Have Republicans gone weak on work?
In 1996 a Republican Congress passed, and President Clinton signed, a bipartisan bill imposing a work requirement of 30 hours a week for households with at least one working-age parent and 35 hours a week for households with two parents as a condition for receiving benefits under the Temporary Assistance for Needy Families program. Today, inflation-adjusted federal welfare spending is 2.7 times its 1996 level, the budget deficit is nine times as high, and the federal debt is four times as large. Polling data show unprecedented support for work requirements. Yet the welfare reform in the House reconciliation bill, which is now pending in the Senate, merely requires 20 hours a week as a condition for able-bodied working-age adults with no dependents to receive Medicaid and expands the current 30-hour requirement of the Supplemental Nutrition Assistance Program, to more beneficiaries. Why are these GOP work requirements weaker than those a Democratic president backed?
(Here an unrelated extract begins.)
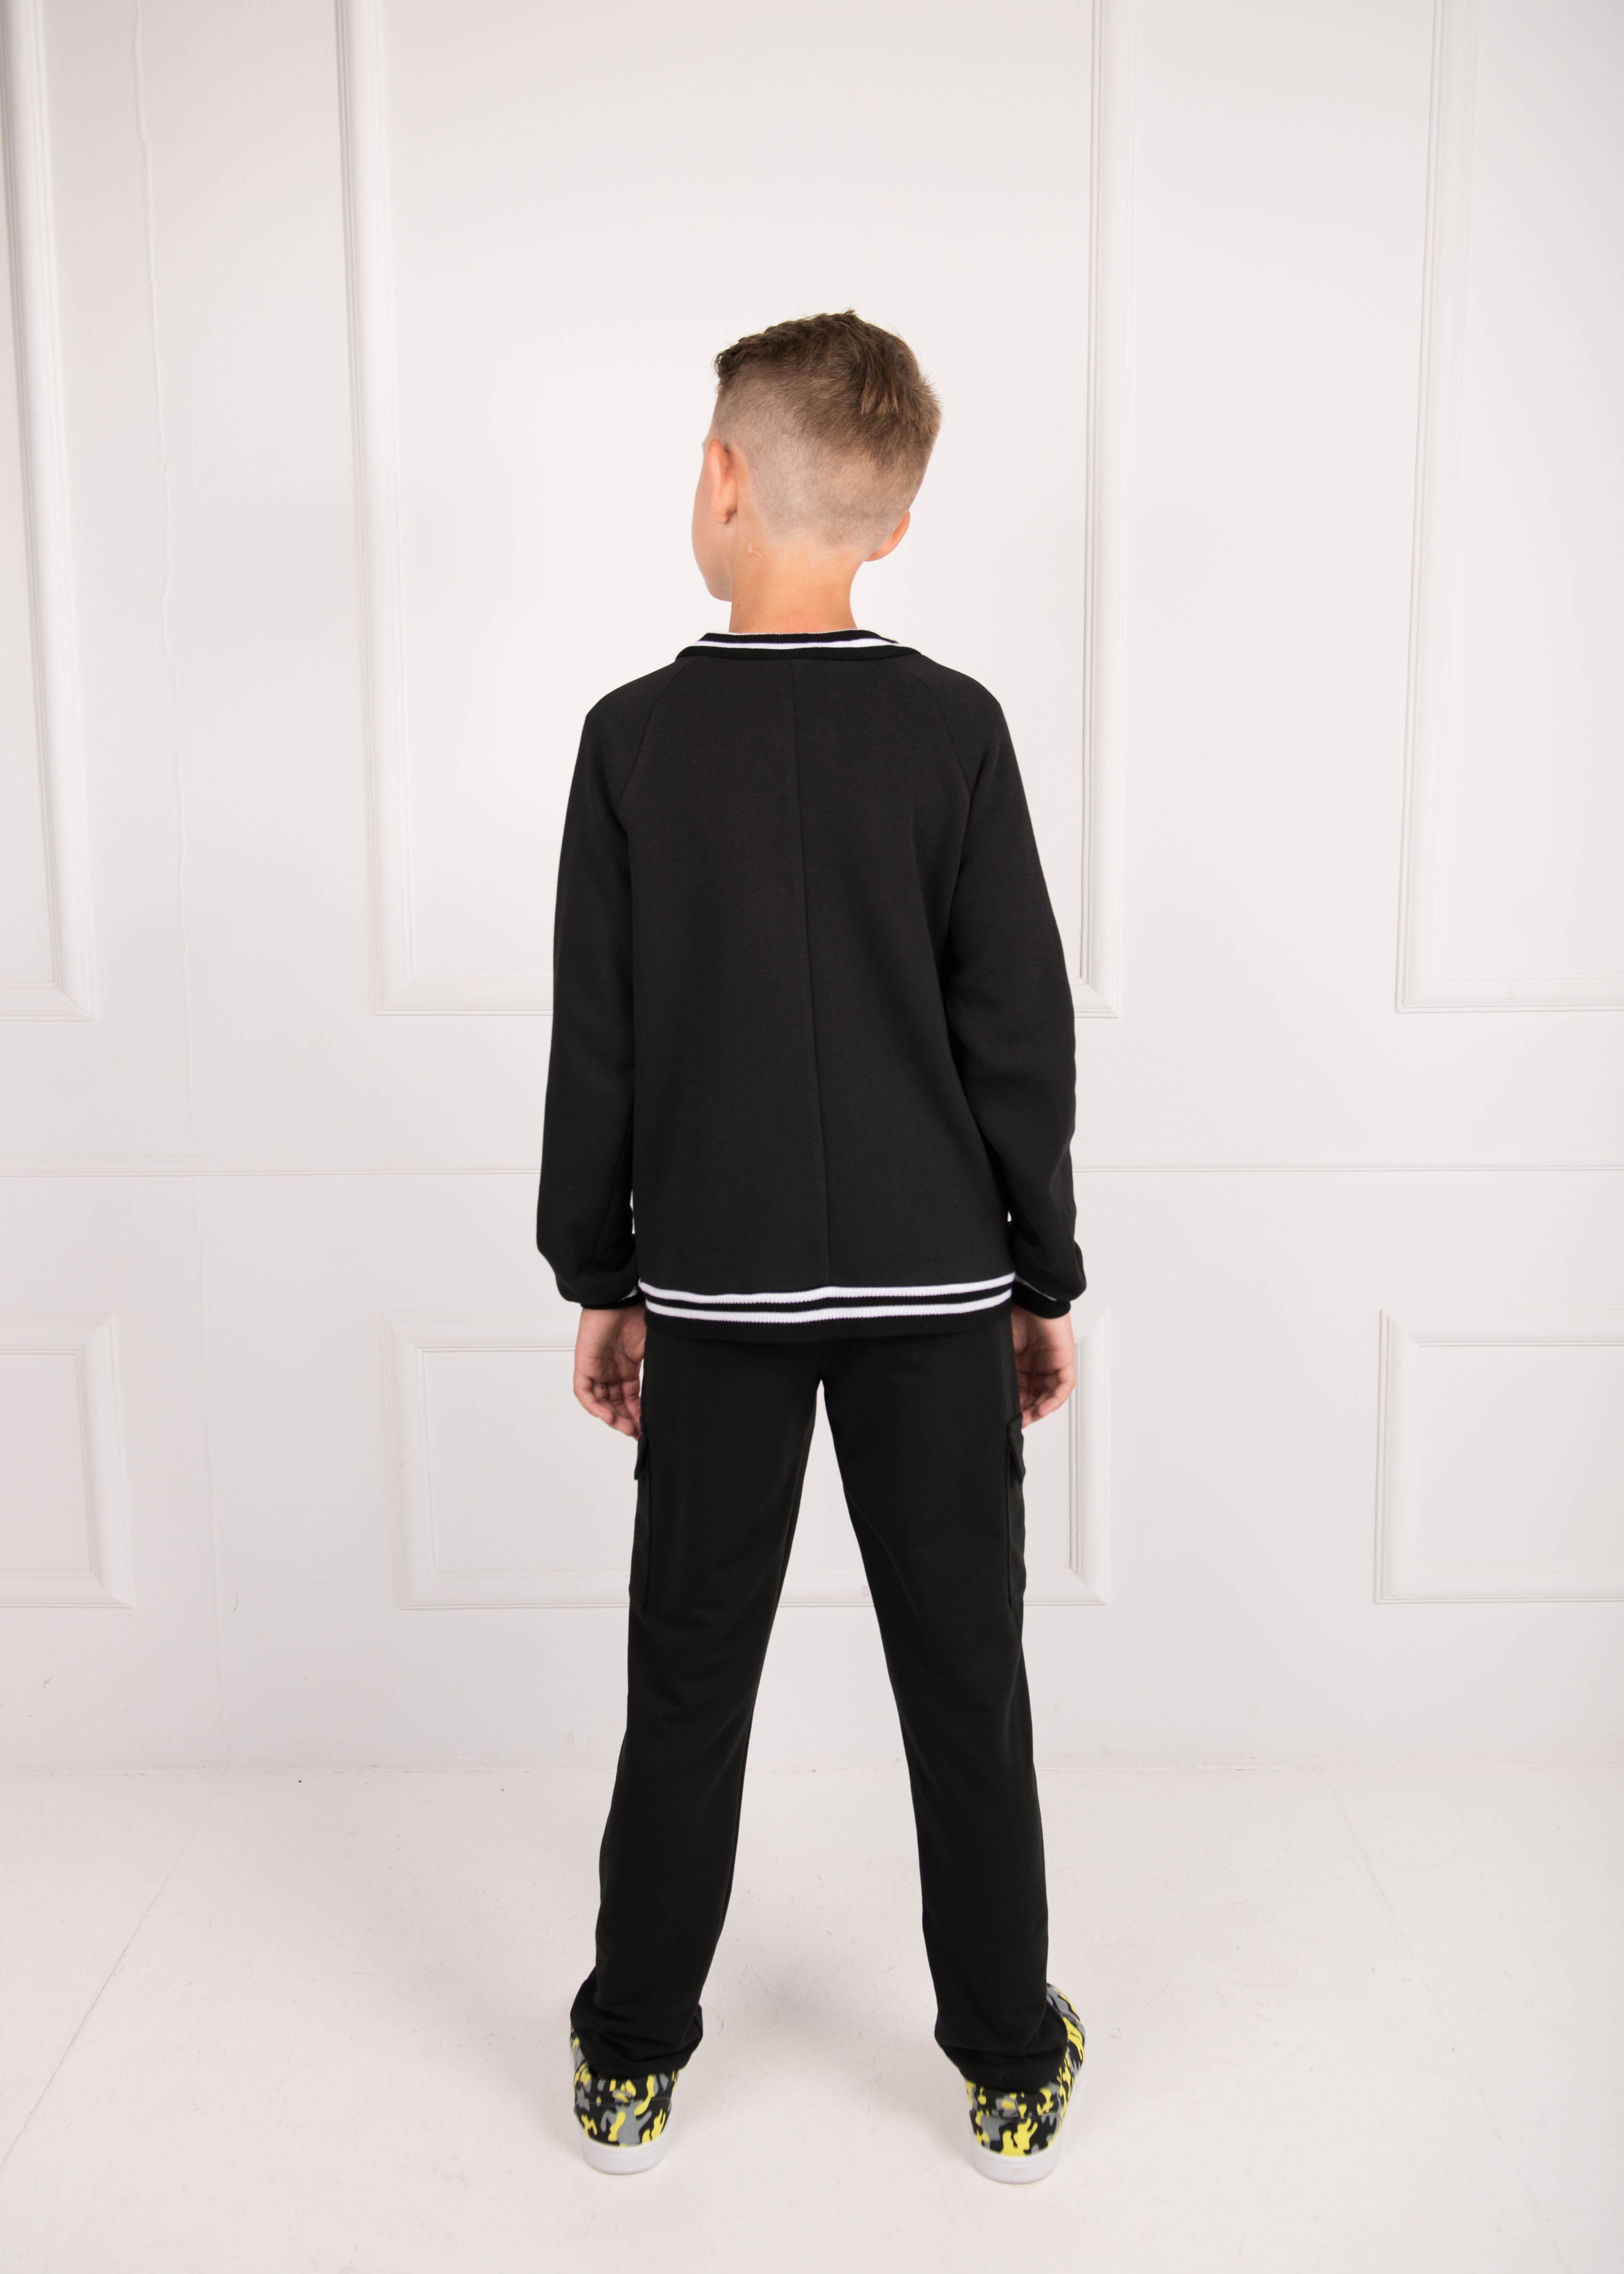 Штаны для мальчика карго черные 02678 в интернет-магазине

Though almost 80% of 2024 Trump voters support more work requirements for childless, able-bodied adult Medicaid recipients, GOP representatives from competitive districts seem to believe that since more low- and moderate-income Americans are voting for their party, Republicans should be generous with benefits. But it seems unlikely that welfare recipients opposed to work requirements would have voted for the GOP in the first place. And there’s no way Republicans can hold on to voters seeking handouts in the long term. Democrats always win a spending race.